Espinoza v. Montana Department of Revenue

No. 18-1195 - Argued January 22, 2020
At Issue

Whether a state law that allows for funding for education generally while prohibiting funding for religious schools violates the Religion Clauses or the Equal Protection Clause of the federal Constitution.

  • Richard D. Komer, for the petitioners
  • Jeffrey B. Wall, for the United States, as amicus curiae, supporting the petitioners
  • Adam G. Unikowsky, for the respondents
Background and Case Commentary

Although the lawyering in Espinoza was generally strong, there were some places where, in hindsight, responses could have been crisper and more revealing.
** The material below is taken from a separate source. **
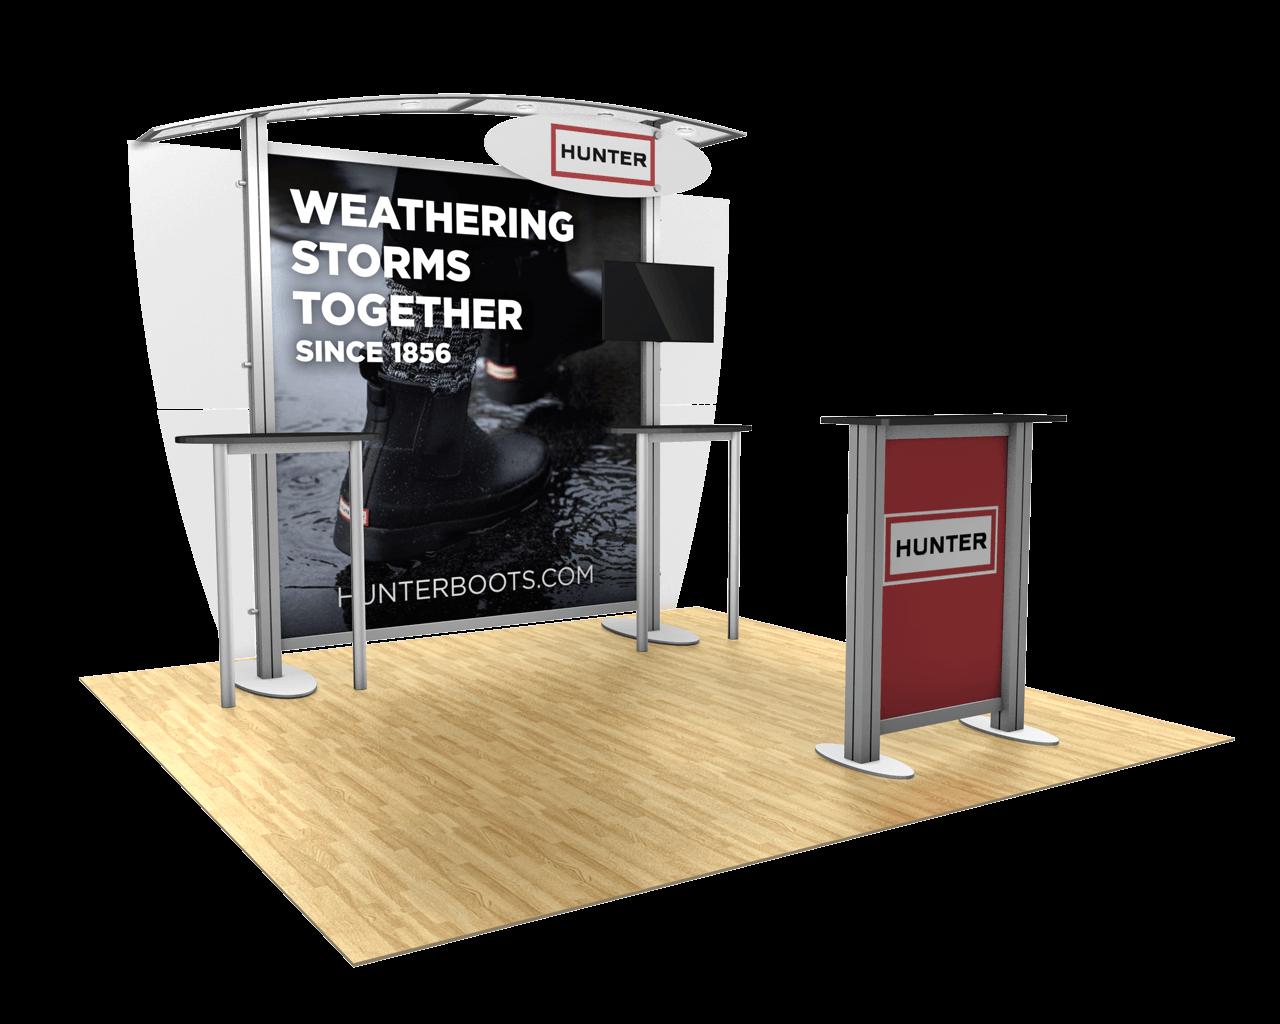 XVline Modular 10ft Trade Show Display Kit - 10.04

At issue in the case is a school choice program created by the Montana state legislature. Under the program, a taxpayer could receive a dollar-for-dollar tax credit of up to $150 per year for contributions made to a Student Scholarship Organization (SSO). The SSO would then forward the contribution to a Qualified Education Provider (QEP), generally a private school. The state legislation setting up the program did not explicitly exclude religious schools, but it directed the tax department to implement the program consistent with the Montana Constitution. The tax department then promulgated “Rule 1,” which disqualified religious schools as QEPs. To justify the rule, the department relied on a provision of the state constitution that prohibited any tax dollars from flowing directly or indirectly to religious schools. Reviewing that decision, the Montana high court decided that Rule 1 fell outside the statutory authority of the tax department and it invalidated the entire program. The central issues now before the Supreme Court are whether the invalidation of the program violated the Free Exercise Clause, as well as whether taxpayers have standing to bring that claim.

Adam Unikowsky gave a thoughtful argument for Montana. At one point, he confronted the following question by Justice Breyer, and then again by Chief Justice Roberts:

Justice Breyer to Deputy Solicitor General Wall: “Say in San Francisco or Boston or take any city or state, and they give many, many, many millions of dollars to the public school system. And a lot of them give a lot of money to charter schools. Now, they don’t give money to Catholic schools. All right? Now, if — if we decide you’re right, does that all change?” (24–35)

Chief Justice Roberts to Unikowsky: “I’d like to get back to Justice Breyer’s question and get your view you on it which I understand it to be that why doesn’t — do you think the other side’s theory leads to a situation where the funding that goes to public schools, a — a — if — if they prevail, wouldn’t have to go to religious schools?” (32–33)

Unikowsky gave a complicated answer that ultimately conveyed his position effectively. But we think he could have simply said what we propose below.

Espinoza v. Montana Department of Revenue on Oyez:

Key Questions from Oral Argument

Chief Justice Roberts (pp. 32–33; 30:40): I’d like to get back to Justice Breyer's question and get your view you on it which I understand it to be that why doesn't -- do you think the other side's theory leads to a situation where the funding that goes to public schools, a -- a -- if -- if they prevail, wouldn't have to go to religious schools?

Eduardo Peñalver and Nelson Tebbe: Mr. Chief Justice, if this Court adopts the other side’s argument, it will indeed be committing itself to invalidating public school systems—at least insofar as they exclude private schools from support because the states do not wish to fund religious schools. When a state is faced with a conflict between its longstanding commitment to separate church and state in funding, on the one hand, and a free exercise prohibition on singling out religious schools for exclusion from funding, on the other, it may well choose to resolve the conflict by funding public schools only. Such a resolution is supported by a long line of cases that allow some ‘play between the joints’ connecting the Establishment and Free Exercise Clauses. Government may separate church and state more completely than required by the Establishment Clause, as long it does not single out religious entities as such for unfavorable treatment. Here, Montana pursued its commitment to a strong separation of church and state, while respecting free exercise, by eliminating the funding program altogether. Similarly, states may seek to avoid funding religious schools by supporting only the public school system. So ruling against Montana here would imperil that option and, in that way, it would destabilize the public school system.